05:30 Uhr: Aufstehen & zur Arbeit fahren

Mein Tag beginnt morgens früh um 05:30 Uhr. Meine Mitbewohner schlafen dann noch alle, also kann ich ganz in Ruhe in den Morgen starten. Da ich mittlerweile alleine in meinem Dreibettzimmer wohne (die anderen zwei Mädels sind leider abgeflogen und es ist noch niemand Neues gekommen), störe ich niemanden.

Ich brauche etwa eine Stunde zur Arbeit, je nachdem, ob die Busse tatsächlich kommen. Da meine Kollegen wissen, wie unzuverlässig das maltesische Bussystem ist, bin ich, was meinen Arbeitsbeginn angeht, recht flexibel und darf zwischen 7:30 und 8:00 Uhr erscheinen.

07:30 – 09:30 Uhr: Frühstücksservice im Hotel

Eier fürs Frühstück im Hotel auf MaltaNachdem ich selbst am Hotelbuffet gefrühstückt habe, startet mein Arbeitstag so richtig. Wir sind während des Frühstücks zu zweit für das gesamte Restaurant zuständig.

Wer neu ankommt, wird nach seiner Zimmernummer gefragt, wir räumen die Tische ab und machen sie sauber, füllen Speisen und Getränke nach und be-/entladen die Geschirrspülmaschine.

Nach Frühstücksende (09:30 Uhr) wird alles wieder aufgeräumt, das dauert etwa eine Stunde.

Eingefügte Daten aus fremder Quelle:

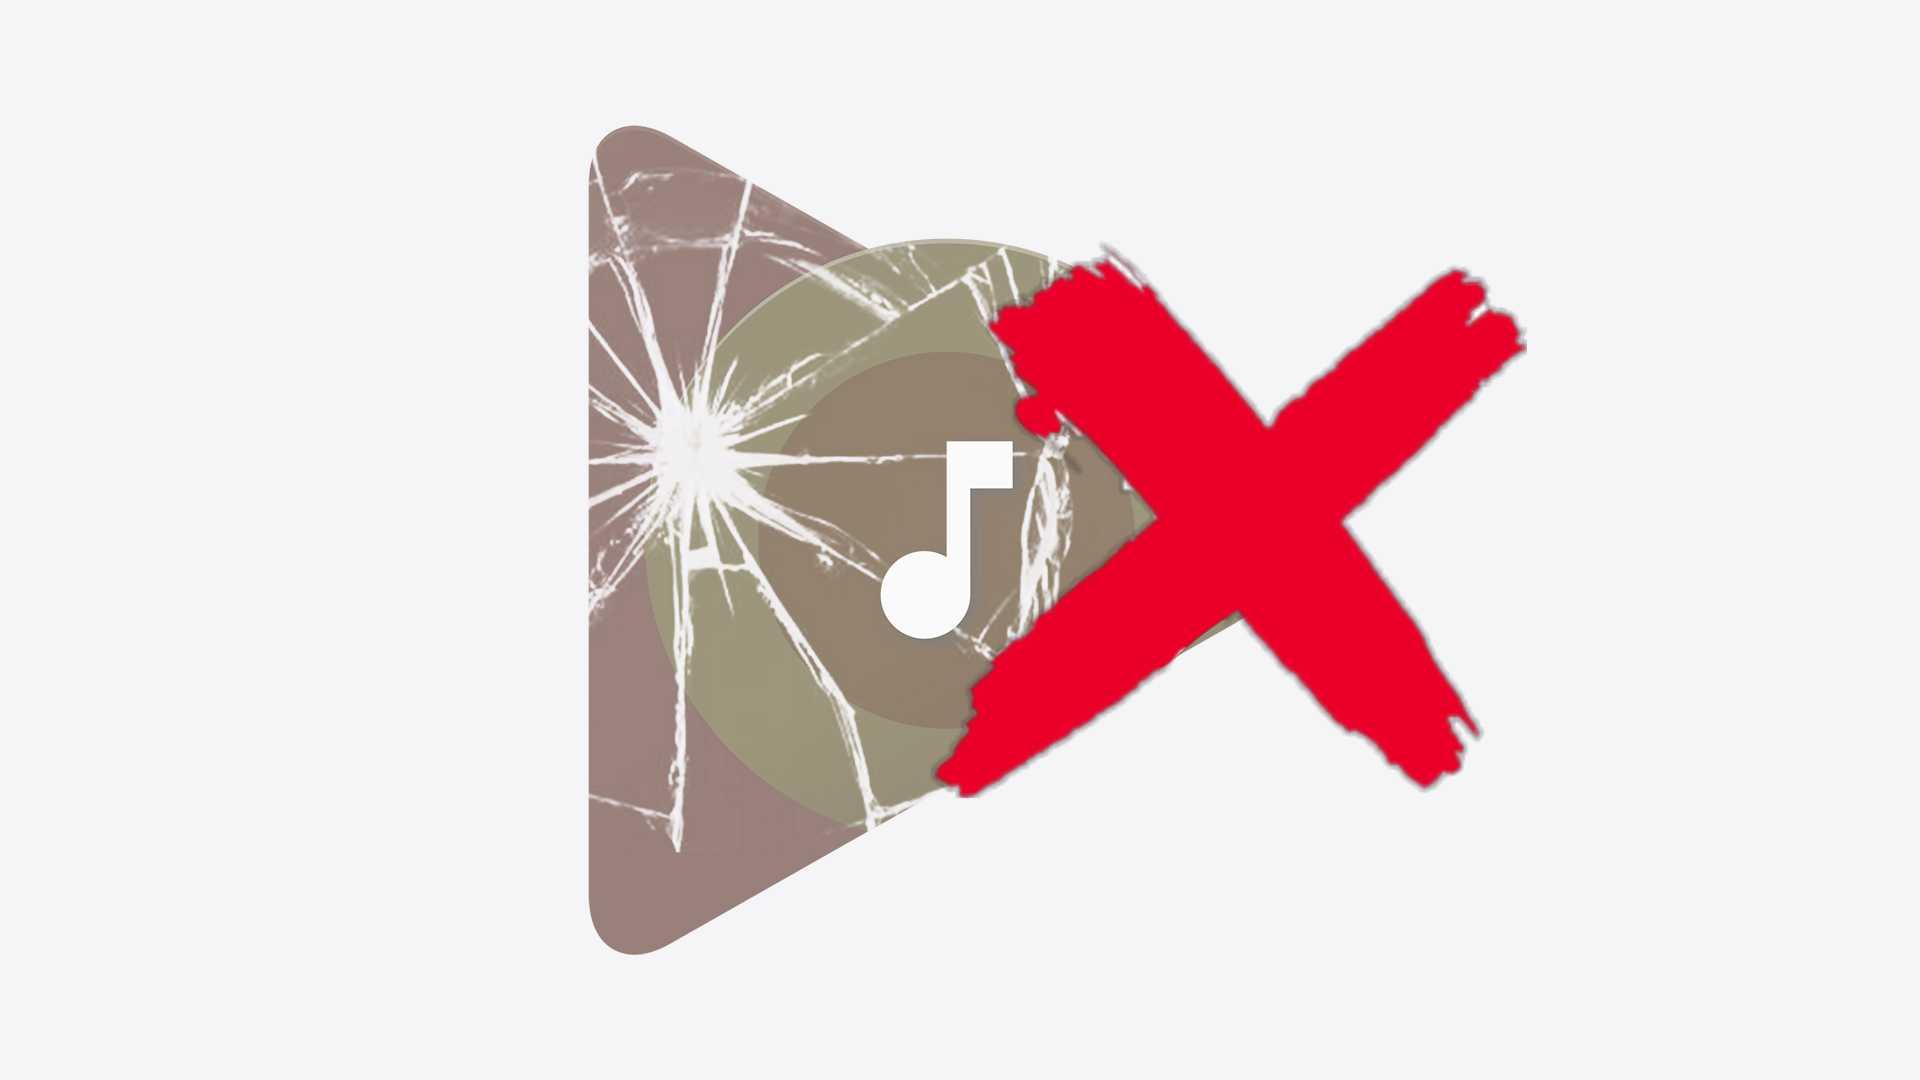 Google Play Müzik'in Fişi Resmen Çekildi | Tüm Şarkılar YouTube Music'te

Die Tische werden abgewischt, das restliche Essen aufgefüllt oder entsorgt, Geschirr gespült und zurücksortiert… Ich habe aus Neugier einige Male meine Schritte bei der Arbeit mit einer App gemessen und festgestellt, dass ich während dieser drei Arbeitsstunden ca. 3 Kilometer täglich laufe.

Es wird nie langweilig

Was ich bisher geschildert habe, klingt für euch Leser vermutlich nicht nach den spannendsten Aufgaben, allerdings stehe ich hierbei im ständigen Kontakt zu den Hotelgästen und oft entstehen sehr nette Frühstücksgespräche.

Gleichzeitig kommt es fast täglich zu lustigen Vorfällen, über die meine Kollegin und ich uns dann unterhalten können. Besonders beliebt war bei uns bisher die Dame, die ihren Kuchen mit Ketchup und Mayonnaise bestrichen konsumierte. So wird es trotz der weniger anspruchsvollen Aufgaben nicht langweilig.

Ab 10:30 Uhr: Arbeit an der Rezeption

Sobald der Frühstücksraum fertig gesäubert und alles zurück an seinen Platz geräumt wurde, gehe ich zur Rezeption, an der ich zusammen mit dem Hotelmanager arbeite. Am Anfang hat er mir noch viel erklärt, aber mittlerweile kann ich das meiste selbst erledigen. Hauptsächlich fülle ich Formulare für bevorstehende Ankünfte aus, arbeite mit Excel-Tabellen und verschiedenen Hotel-Softwares und bin für die Kasse zuständig.

Ab und zu verlege ich das Gepäck von Kunden in andere Räume oder mache Besorgungen für meinen Chef.

Ab 11:45 Uhr: Mittagspause & neue Gäste begrüßen

Eis essen in der Mittagspause auf  MaltaGegen 11:45 Uhr startet meine 15-minütige Mittagspause und danach kommen meist schon die ersten Gäste zum Check-In bei uns an.

Ich darf mittlerweile eigenständig Buchungen entgegennehmen und Reservierungen überprüfen, ausstehende Gelder abbuchen und die Gäste über Angebote des Hotels informieren. Allerdings schaut Mario (der Hotelmanager) immer noch einmal über die Unterlagen drüber, bevor die Gäste endgültig eingecheckt werden. Nach einem Check-In trage ich die Gäste ins System ein, notiere ihre Zahlungen in dem passenden Portfolio und drucke entsprechende Belege.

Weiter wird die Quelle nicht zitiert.